● **Input data**:

________________________________________

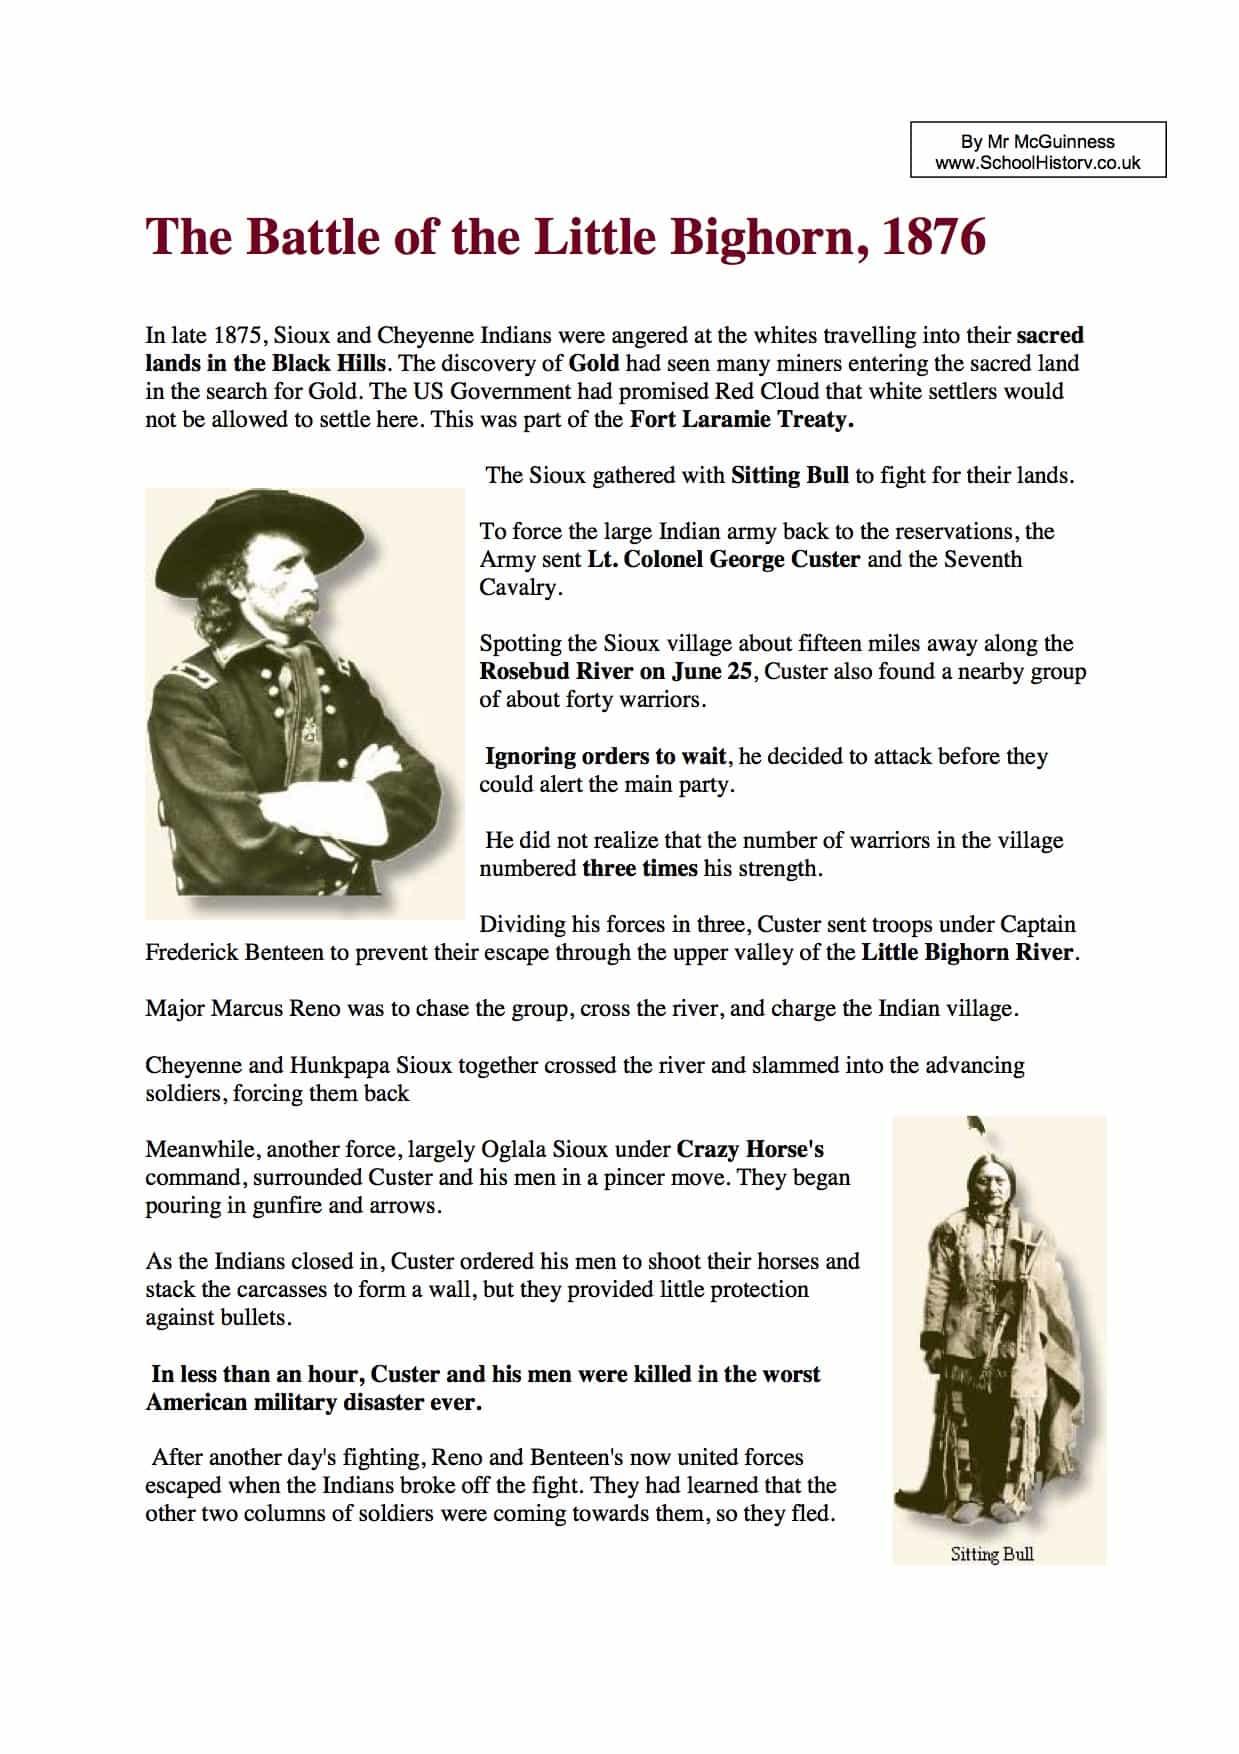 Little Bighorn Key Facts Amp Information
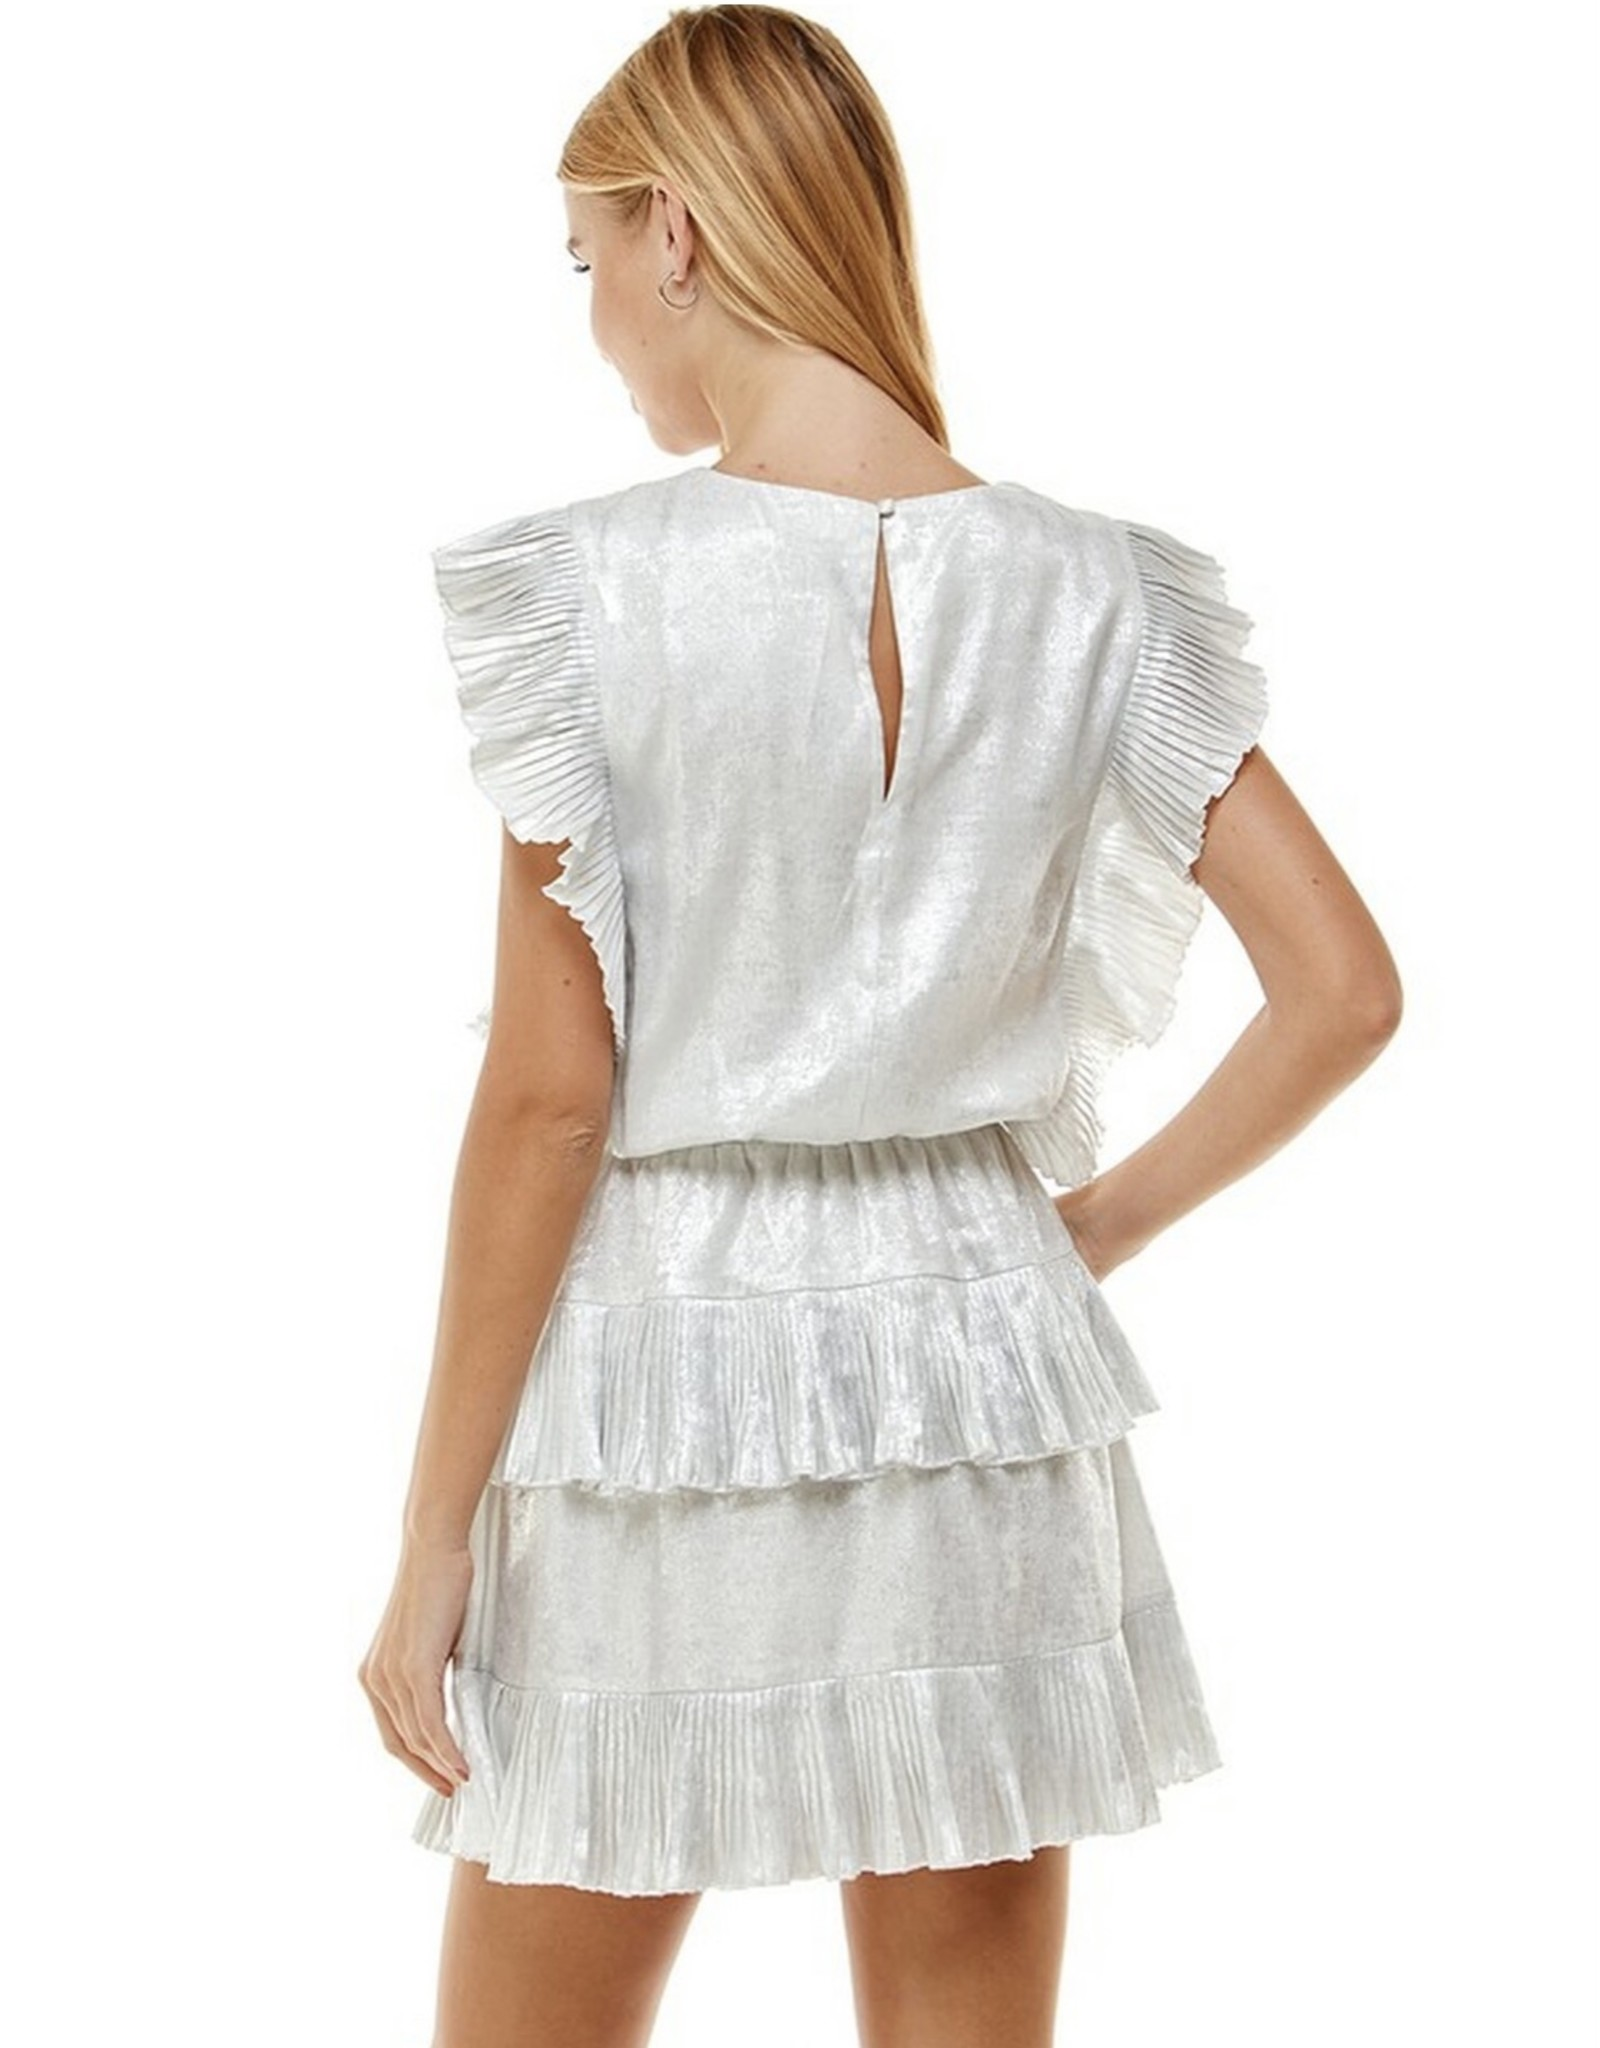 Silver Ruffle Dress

________________________________________

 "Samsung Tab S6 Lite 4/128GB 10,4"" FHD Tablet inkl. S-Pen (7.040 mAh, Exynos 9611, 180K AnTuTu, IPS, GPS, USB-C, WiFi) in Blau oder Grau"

________________________________________

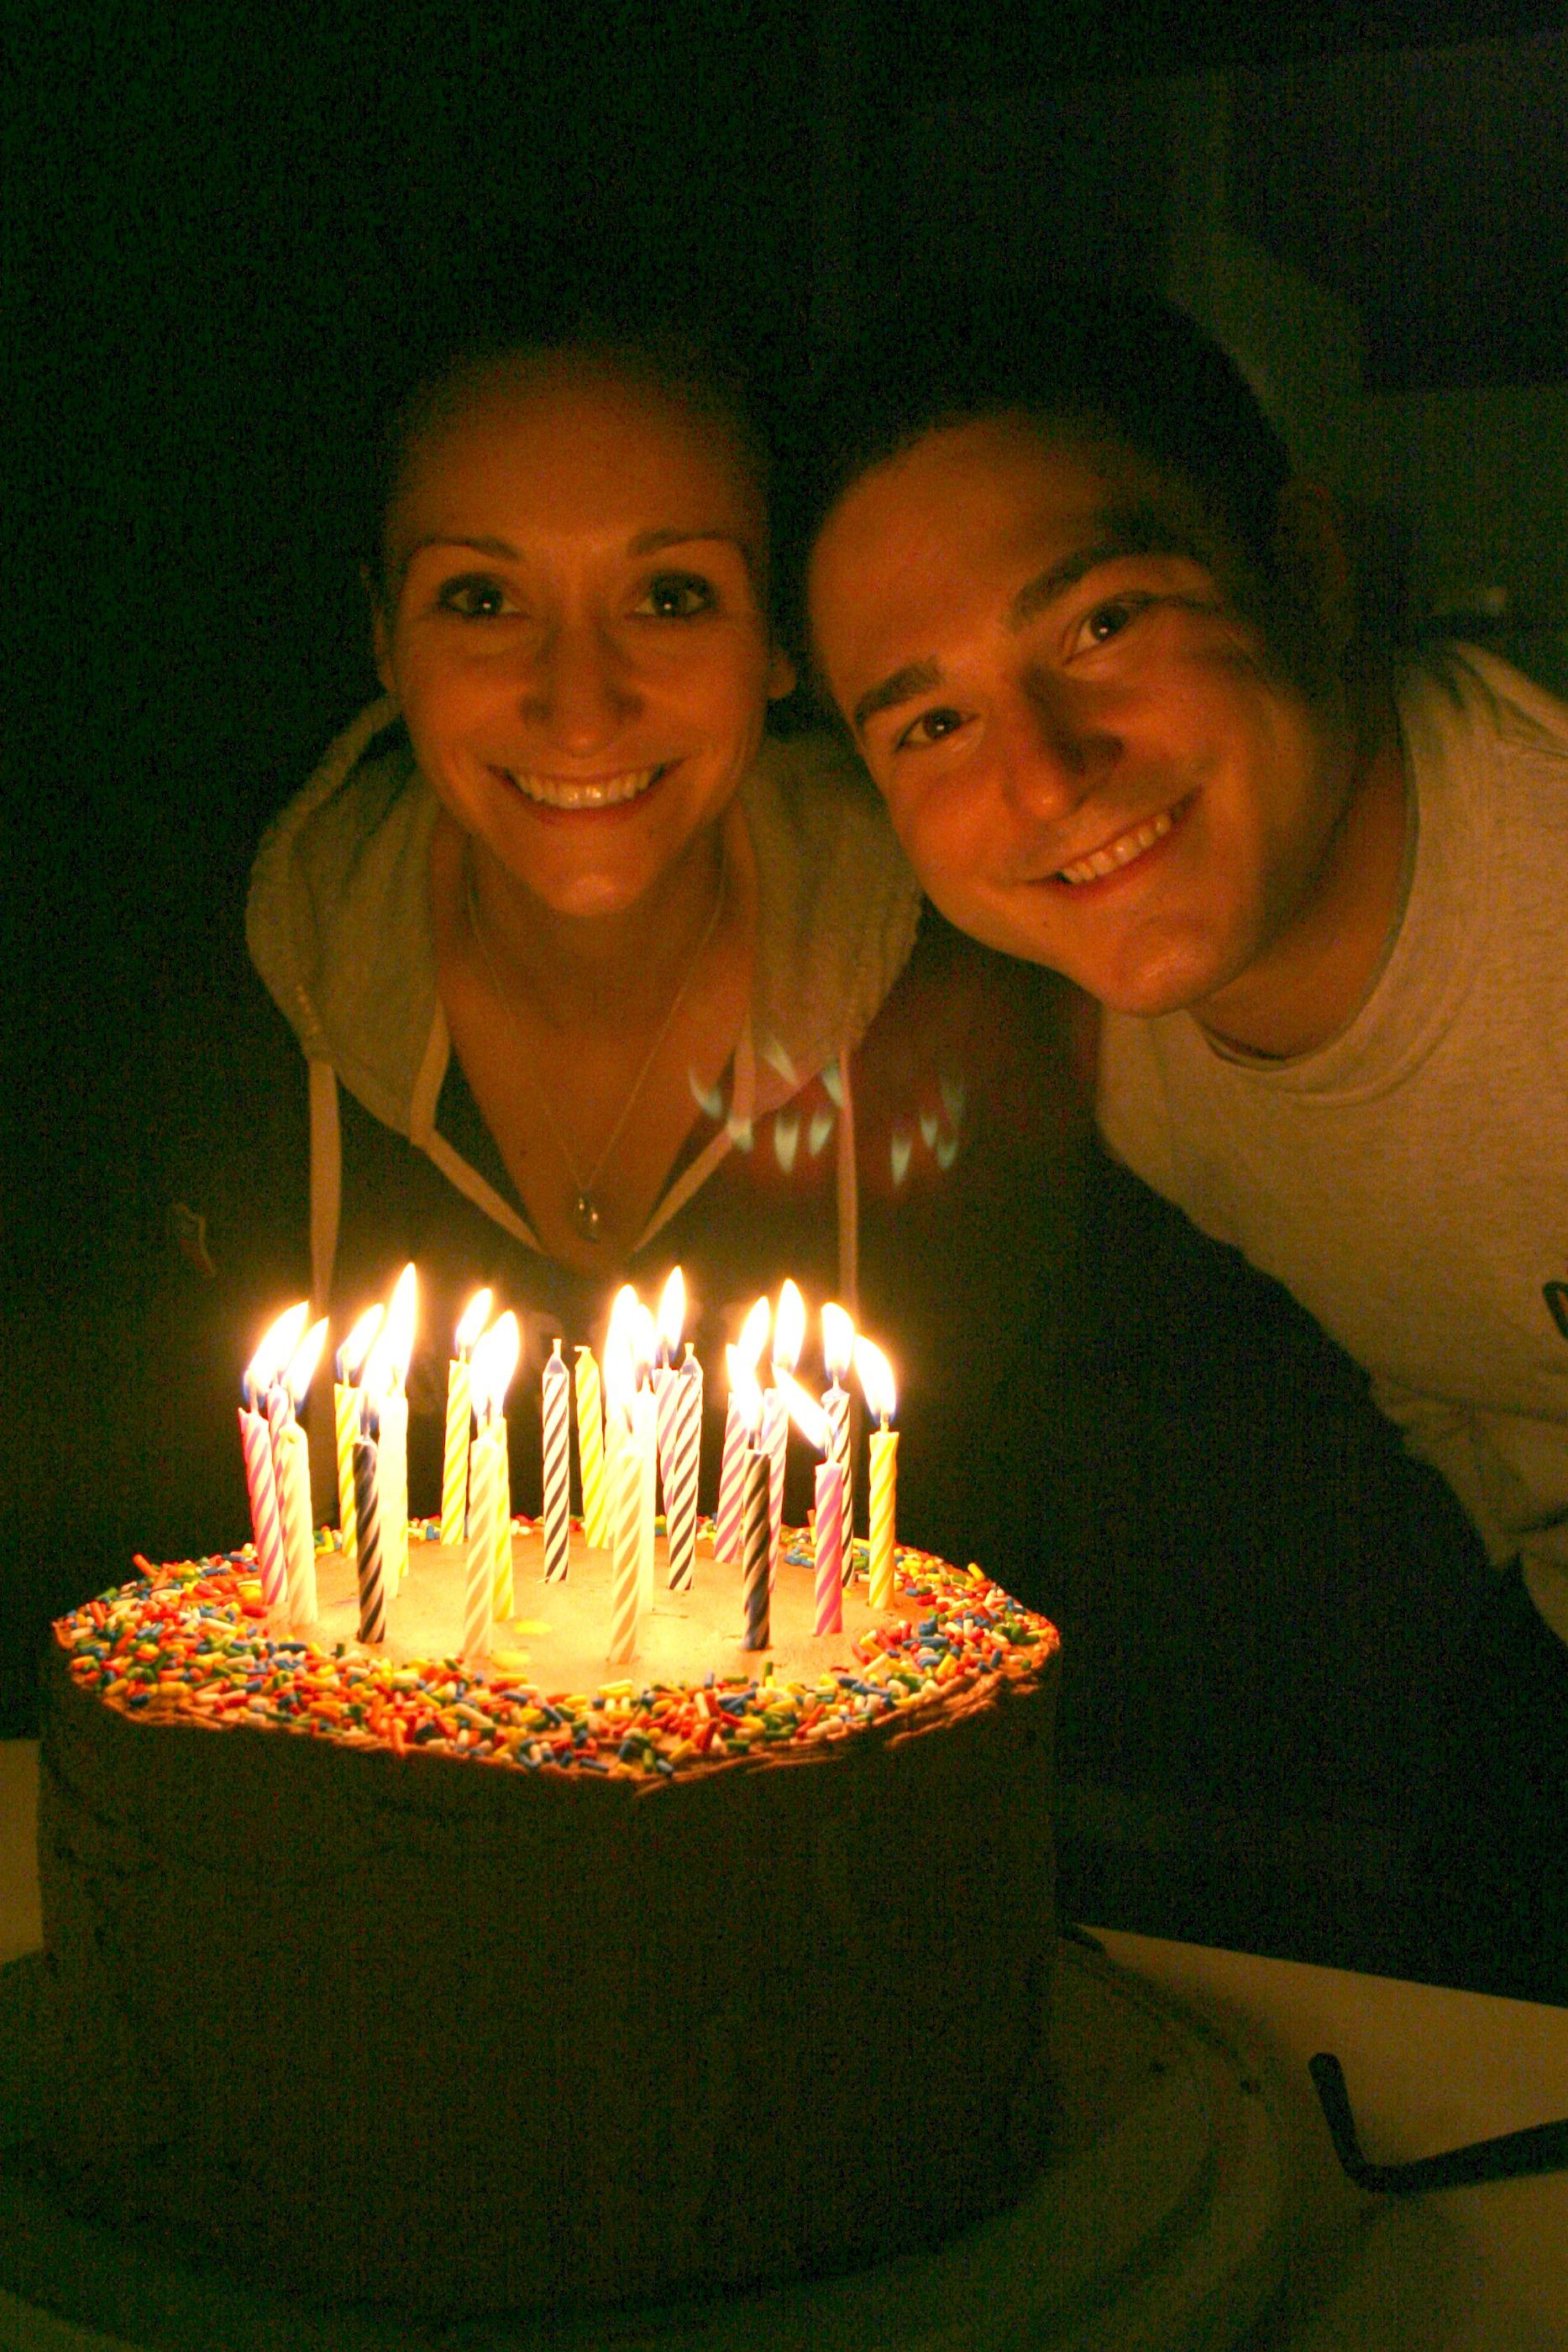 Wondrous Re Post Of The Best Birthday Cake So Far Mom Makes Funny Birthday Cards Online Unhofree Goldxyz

________________________________________

● **Problem details**:
Keep to the lines above from the line with "Little Bighorn Key Facts Amp Information" to the line with "Silver Ruffle Dress", and set down exactly those, inclusive, with nothing else and every picture left out.

● **Answer for the task**:
 Little Bighorn Key Facts Amp Information
 Silver Ruffle Dress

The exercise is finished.